# Input material:
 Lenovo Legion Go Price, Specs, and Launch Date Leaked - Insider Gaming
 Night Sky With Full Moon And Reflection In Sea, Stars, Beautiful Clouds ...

* * *

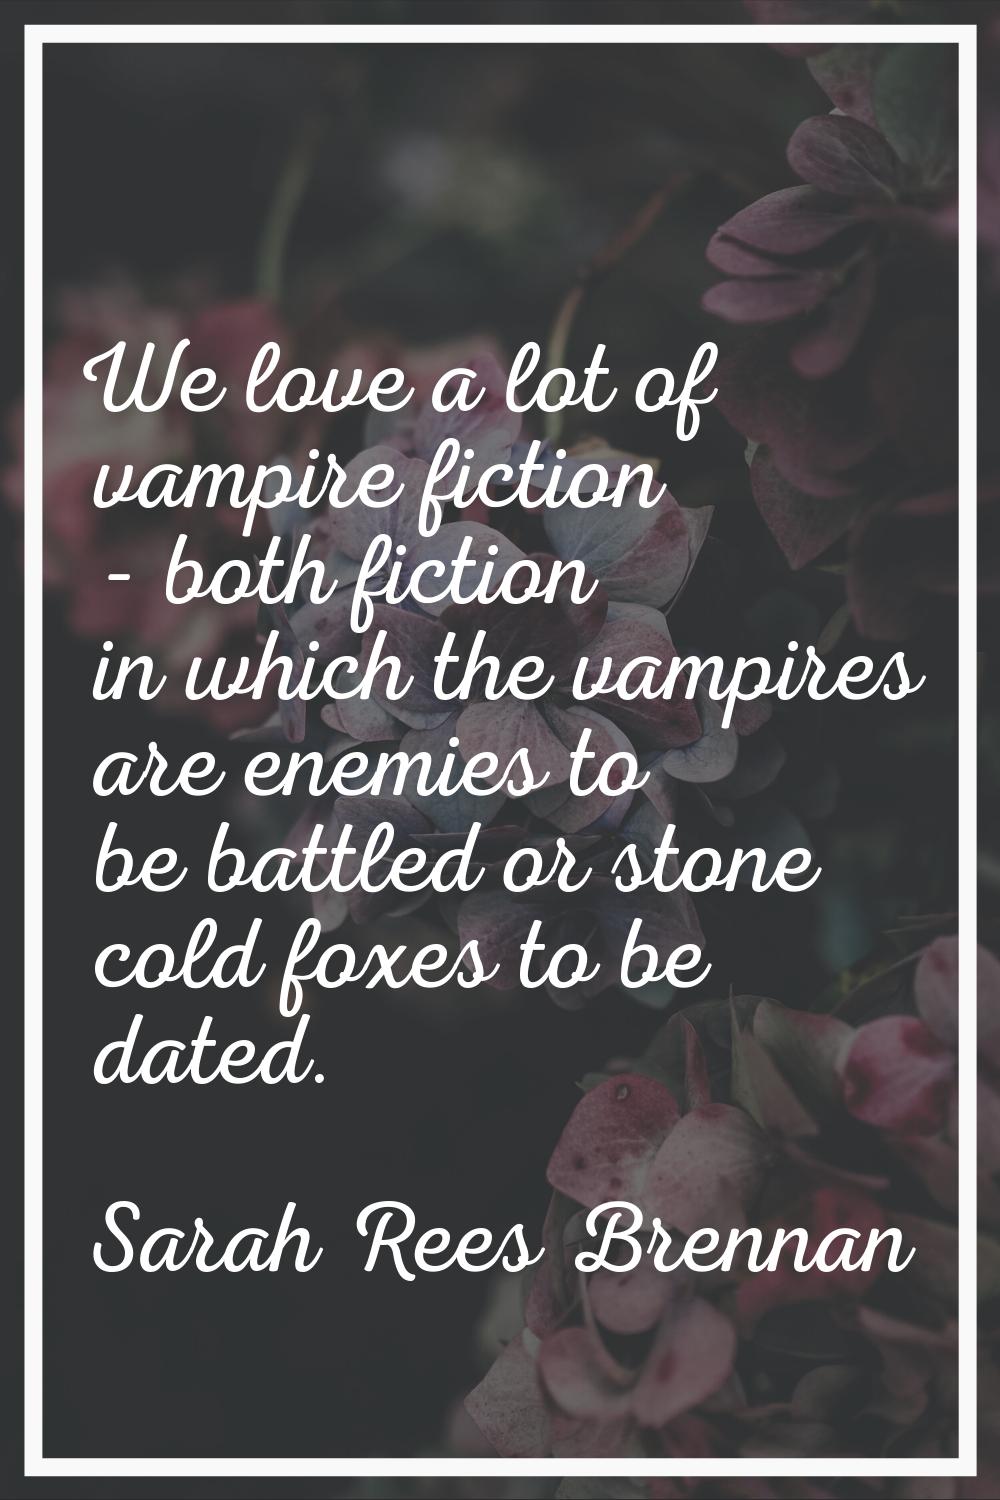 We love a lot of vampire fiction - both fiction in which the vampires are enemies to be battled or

# Exercise brief:
From the records above, retype only the lines starting at the line that contains "Lenovo Legion Go" and ending at the line that contains "Night Sky With", both included.

# Output for this exercise:
 Lenovo Legion Go Price, Specs, and Launch Date Leaked - Insider Gaming
 Night Sky With Full Moon And Reflection In Sea, Stars, Beautiful Clouds ...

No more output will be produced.